Among other things, to join NATO, a country needs secure borders. This
gives Russia a perverse incentive to make sure that Ukraine is denied
this. Some observers think that by drawing attention to the simmering
security problem in Eastern Europe and getting the US and Europe to make
concessions that they had not done before, Putin has achieved some success.
However, if his aggressiveness leads Sweden and/or Finland to join NATO, it
would seem to be a strategic defeat.
UK retail sales bounced back
in January after Omicron depressed December shopping. Retail sales rose 1.9%, about half
again as much as expected, and without petrol, sales rose 1.1%. They had fallen
a revised 4% and 3.9%, respectively, in December. It was the largest
increase since April. This week, the UK has reported an increase in
average earnings, another rise in inflation, and today's stronger than expected
retail sales. The market has a little more than a 40% chance of a 50 bp
hike next month and is discounting about 150 bp over the next 12 months.
The balance sheet may begin shrinking next month passively. A decision to
reduce the balance sheet more actively, by selling off holdings, is unlikely before the second half, but some doubt that it will materialize at
all.
The euro is in less than a
quarter-cent range today.
It appears sandwiched between two large option expirations today. There
is one set at $1.1350 for 1.5 bln euros and the other set is struck at $1.1375
for 1.3 bln euros. In addition, there are options for another 1.4 bln
euros at GBP0.8350, which it has straddled today. Sterling closed
above $1.36 yesterday for the first time in a month. It has not traded
below there today. However, there is no upside momentum to speak of, and
a break of GBP1.36 could spur some disappointed selling. Nearby support
is seen in the $1.3560-$1.3580 area.
America
With US inflation running
hotter longer than expected, the leading hawk at the Fed, Bullard, draws much
attention. The
question is has he won over his colleagues. And it does not look like he
has fully. While the recent comments and the FOMC minutes show Fed
officials willing to accelerate the pace of tightening, they do not seem quite
ready to follow his aggressive call for a 100 bp hike in the next three meetings and
an aggressive unwind of the balance sheet. The Fed funds futures market
is roughly split between 75 and 100 bp here in H1. The odds of a 50 bp
hike next month has fallen from about 80% on February 10 to a little less than
35%, the lowest in two weeks. Williams, Evans, and Waller speak
about the economy today, while Brainard will discuss central bank digital
currencies. Elsewhere, note that the Senate passed a stop-gap funding
bill that buys three more weeks to get the budget done.

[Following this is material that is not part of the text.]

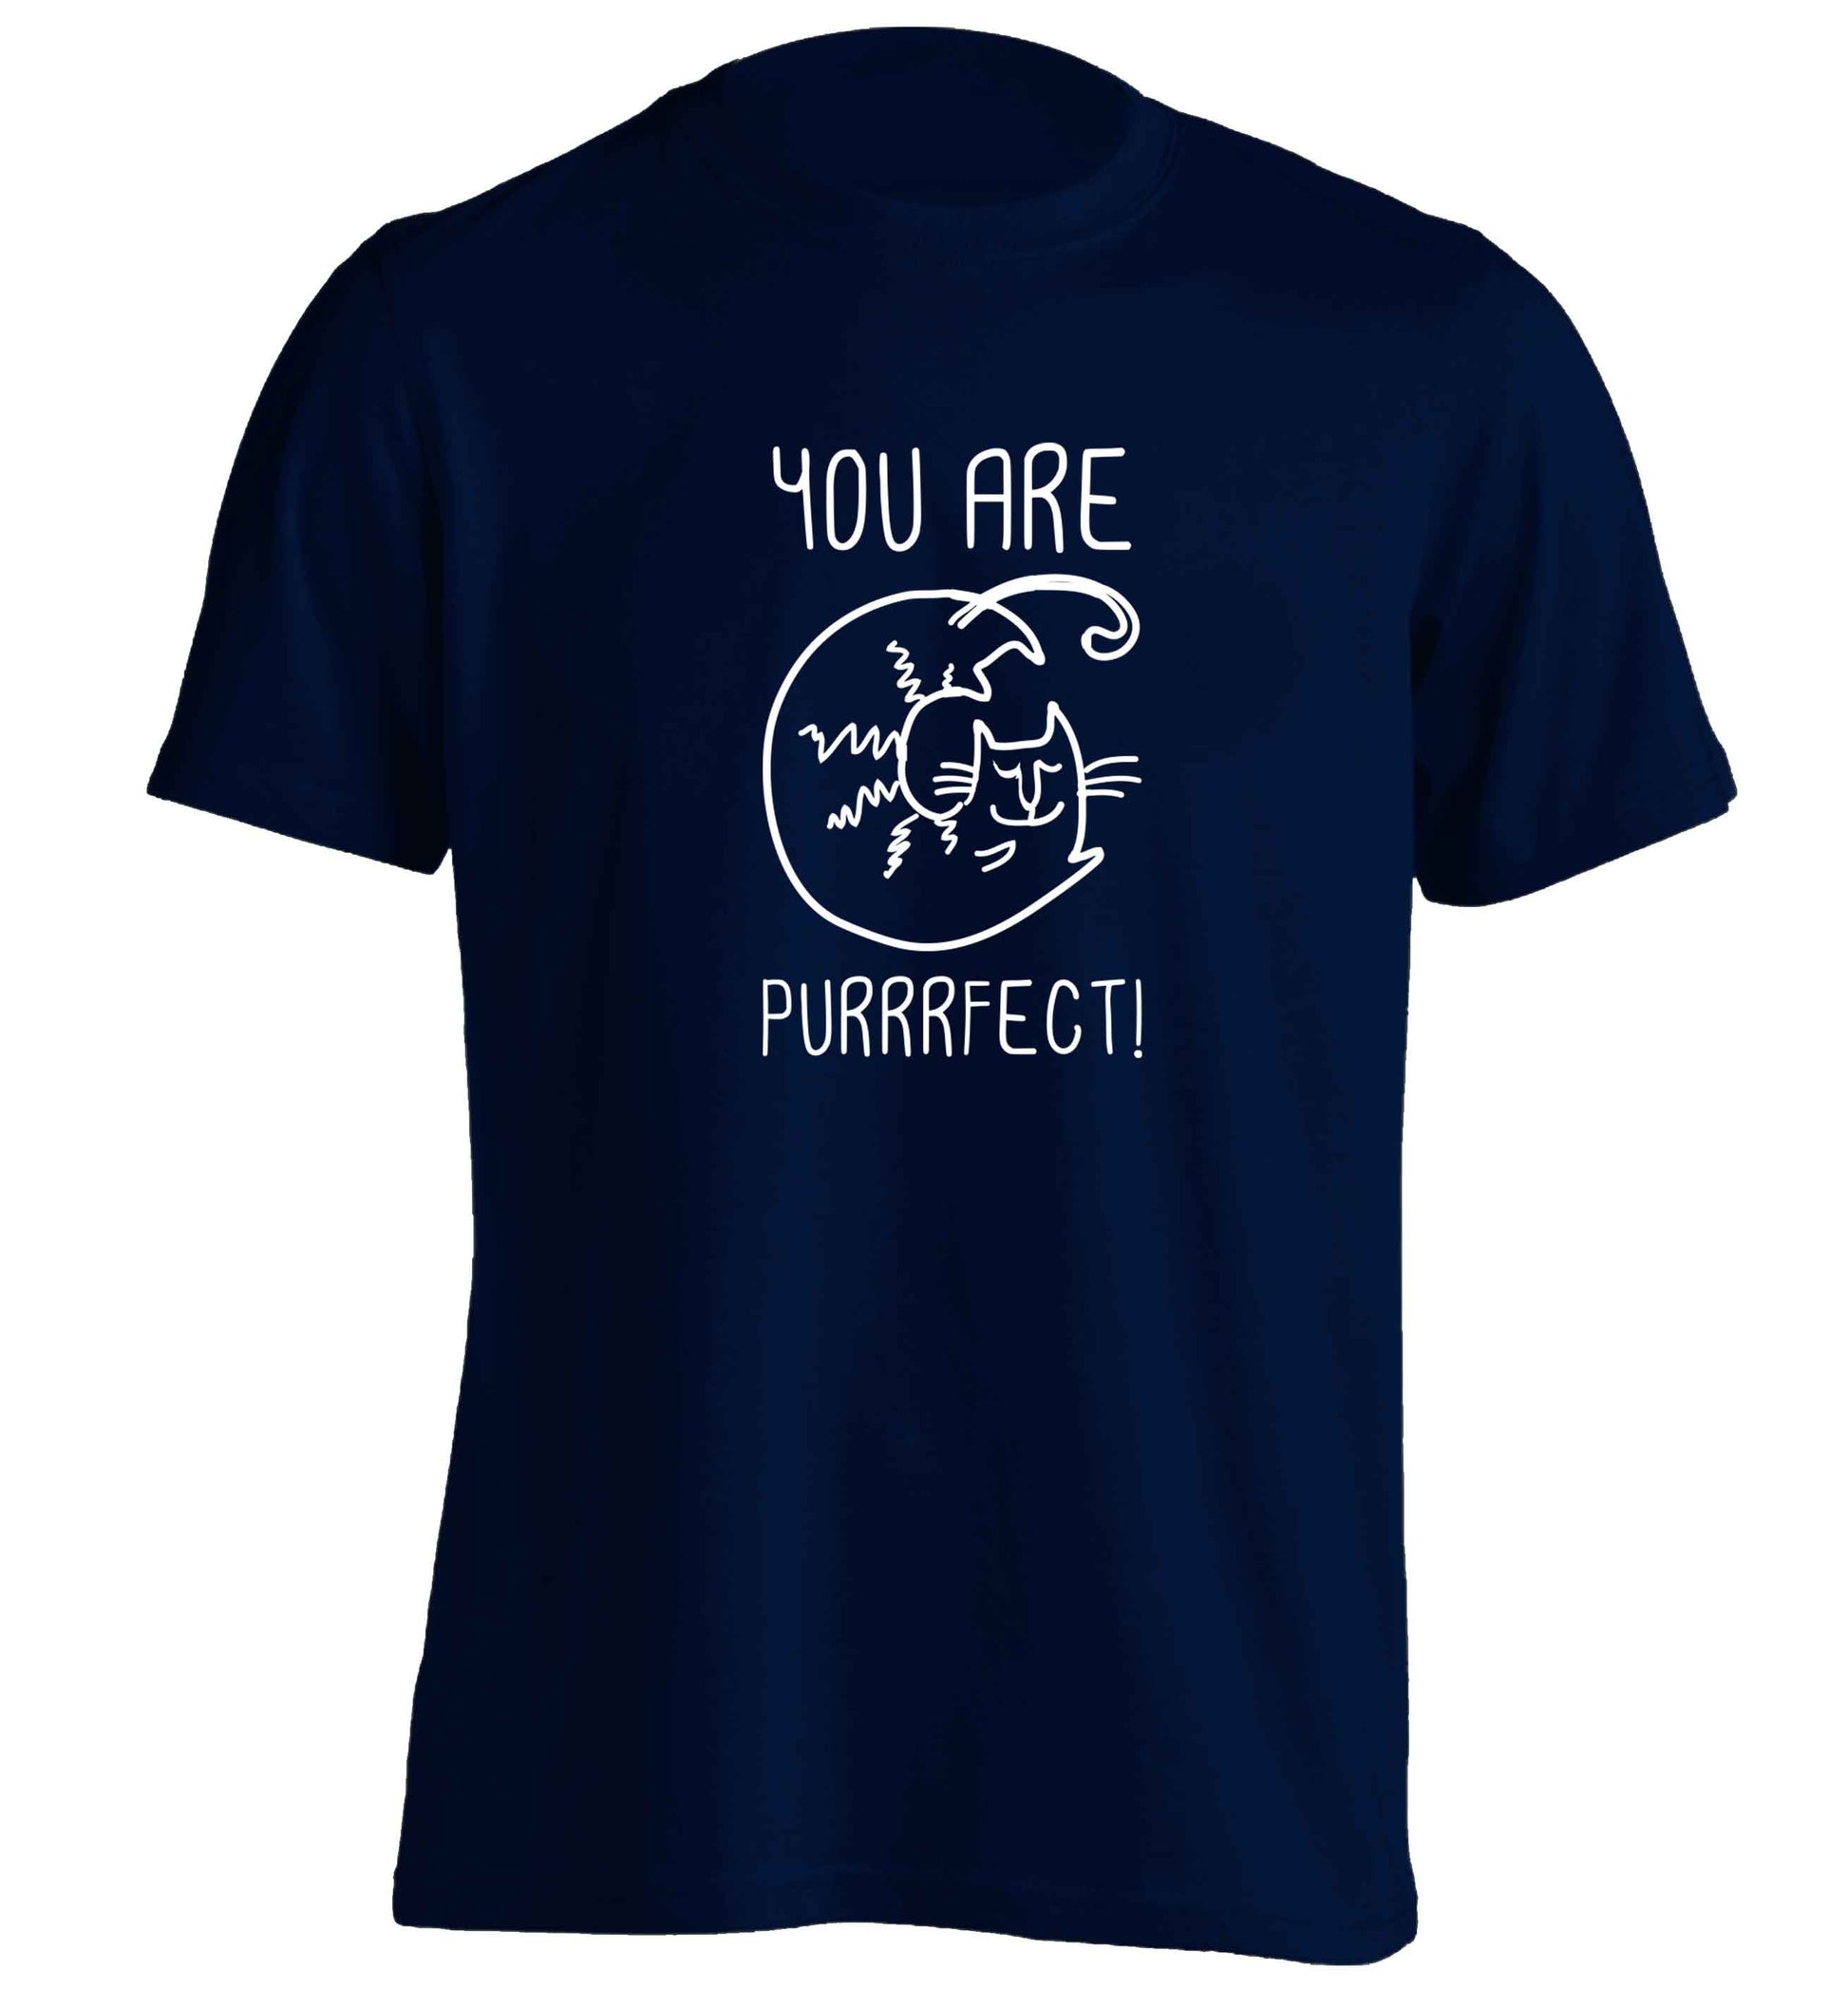 You are purrfect adults unisex navy Tshirt 2XL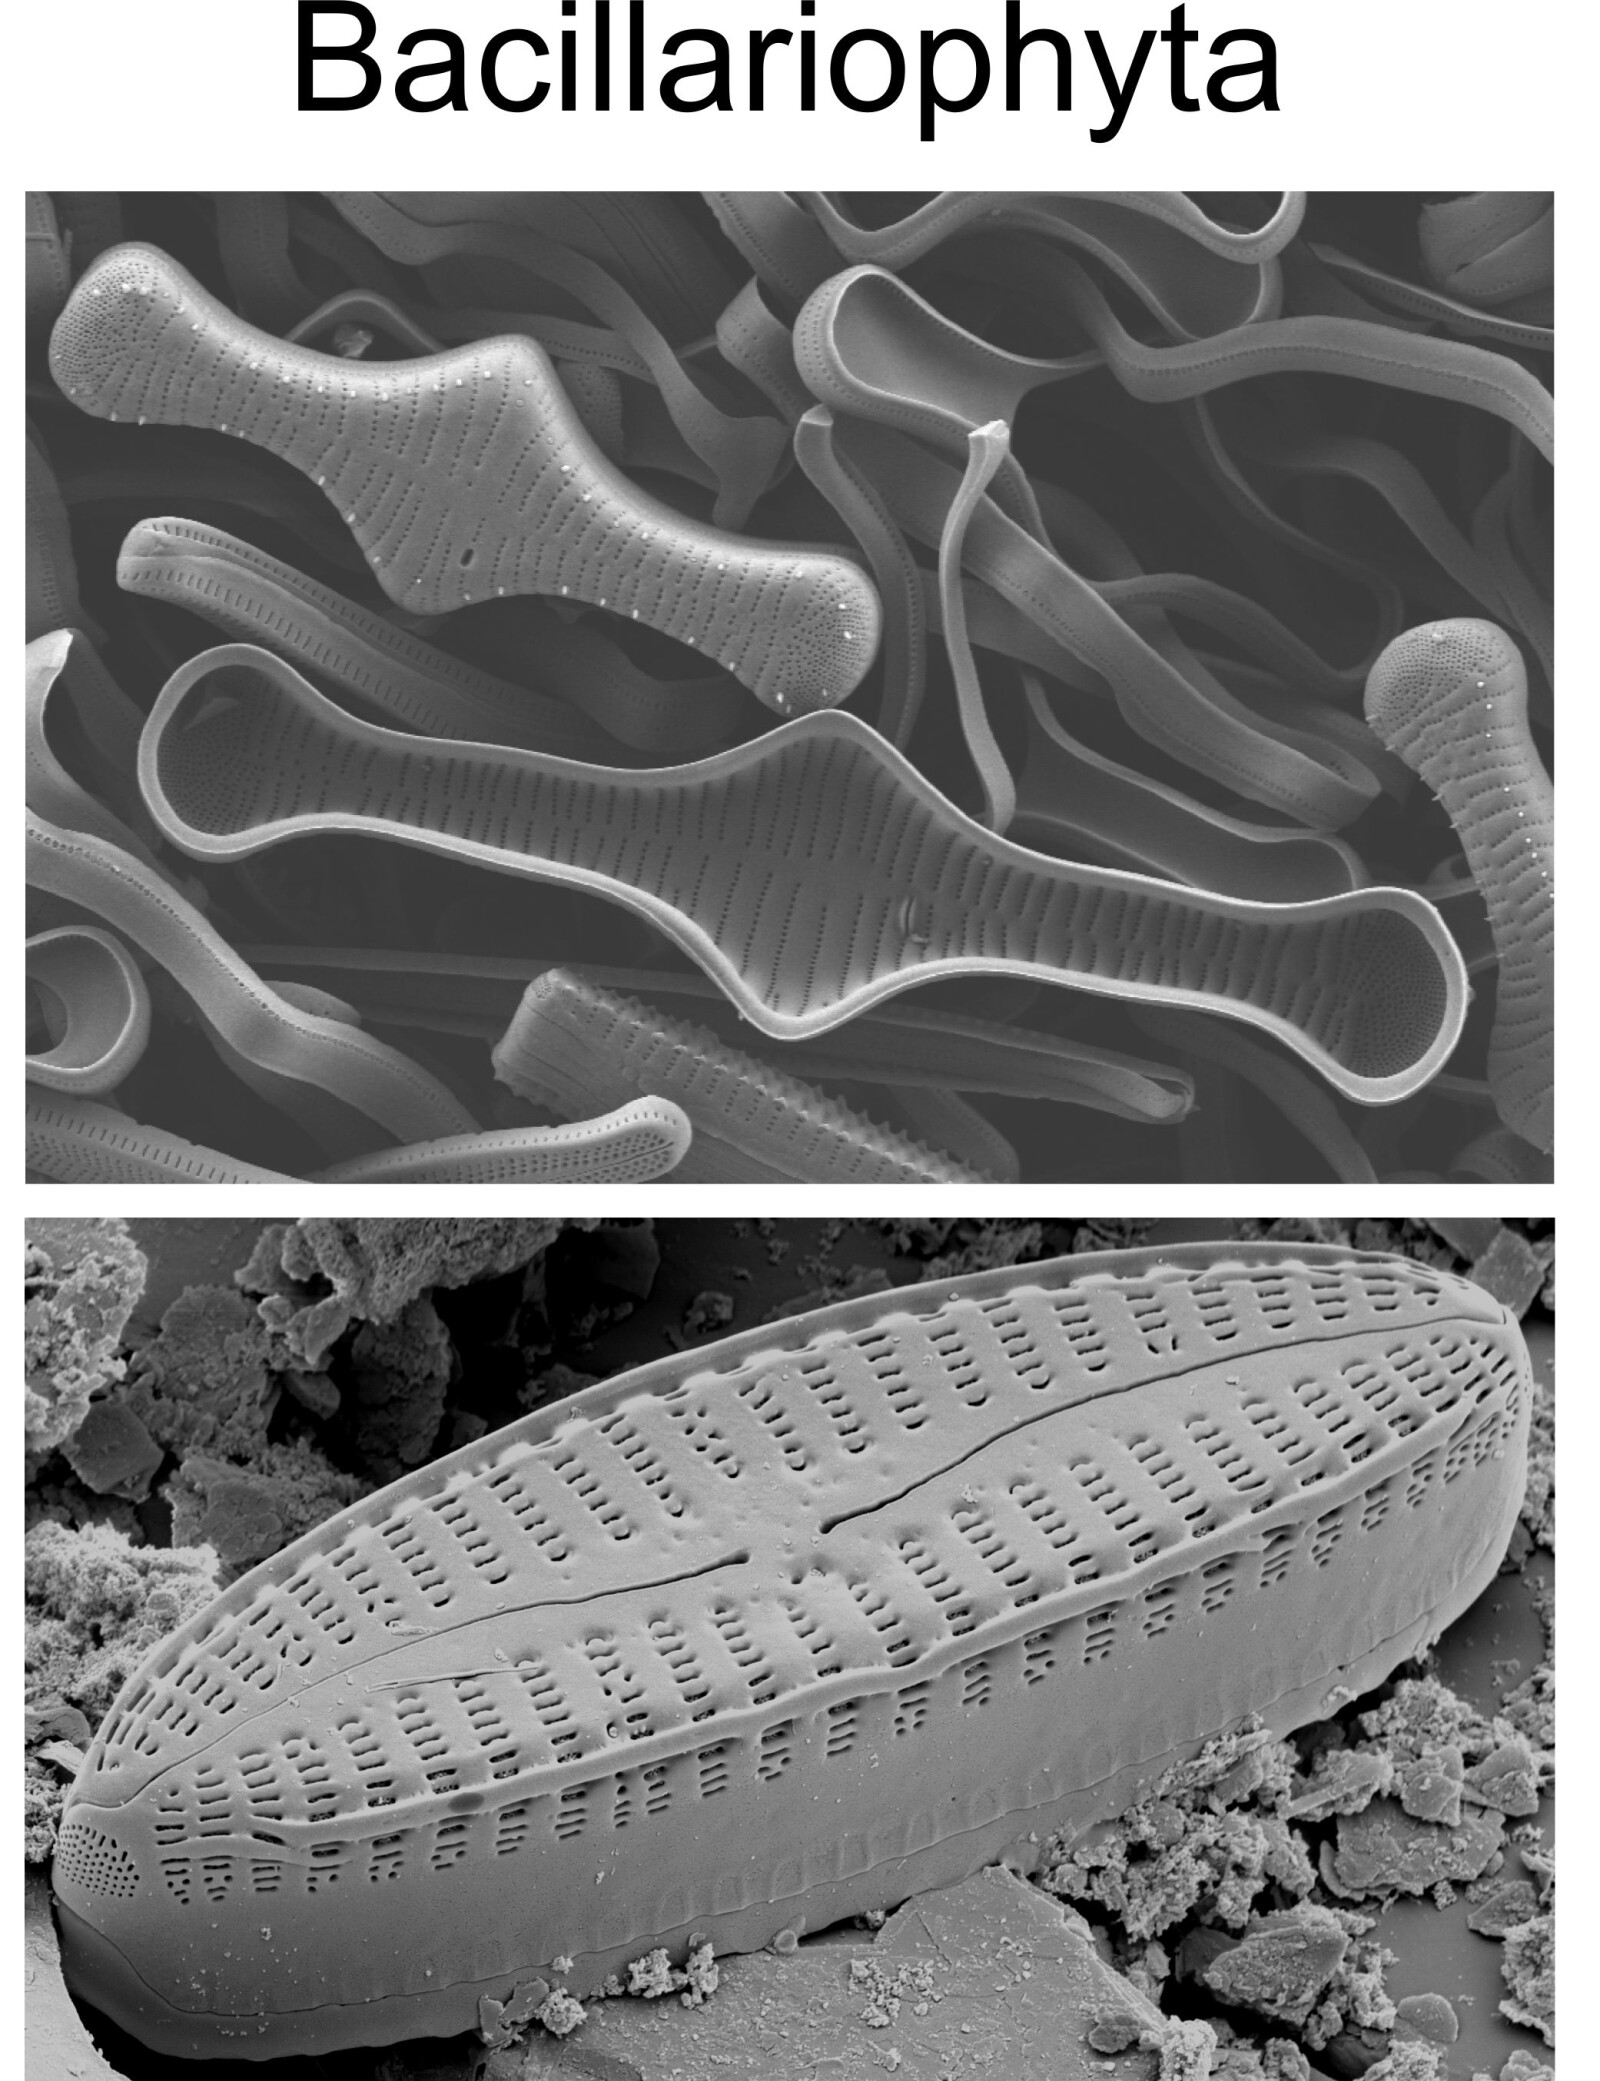 Scanning electron micrograph images of diatoms: Tabellaria (top) and Oricymba (bottom).

The US reports existing home
sales today. A
small decline is expected. Yesterday, investors learned that housing starts
fell for the first time in four months. A recent survey found a record low
number (25%) of Americans think it is a good time to buy a house. Canada
reports December retail sales. A poor number is expected. However,
it is seen as a bit of an outlier, and like the US experienced, a recovery is
expected to have held last month. Meanwhile, the Canadian government is
stepping up its effort to squash the protests in Ottawa. It is invoking its
emergency powers to disrupt the protesters by getting the financial
institutions involved. The confrontation does not appear
over.
The Canadian dollar is coiling. The greenback remains within the range seen Wednesday (~CAD1.2665-CAD1.2730), which itself is within a range capped by CAD1.2800. It is straddling the CAD1.2700 area, where a $1.25 bln option expires today. The US dollar is little changed against the Mexican peso and is holding below the 200-day moving average (~MXN20.3430), which it settled below on Wednesday for the first time since September. The dollar has lost about 1% against the peso this week, its third consecutive weekly decline. Indeed, since the end of last November, the peso has only depreciated for two weeks, both at the end of last month. Still, a consolidative session is likely to persist. We suspect that with a long US holiday weekend ahead, and great geopolitical uncertainty, the appetite for risk may be kept in check in the North American session.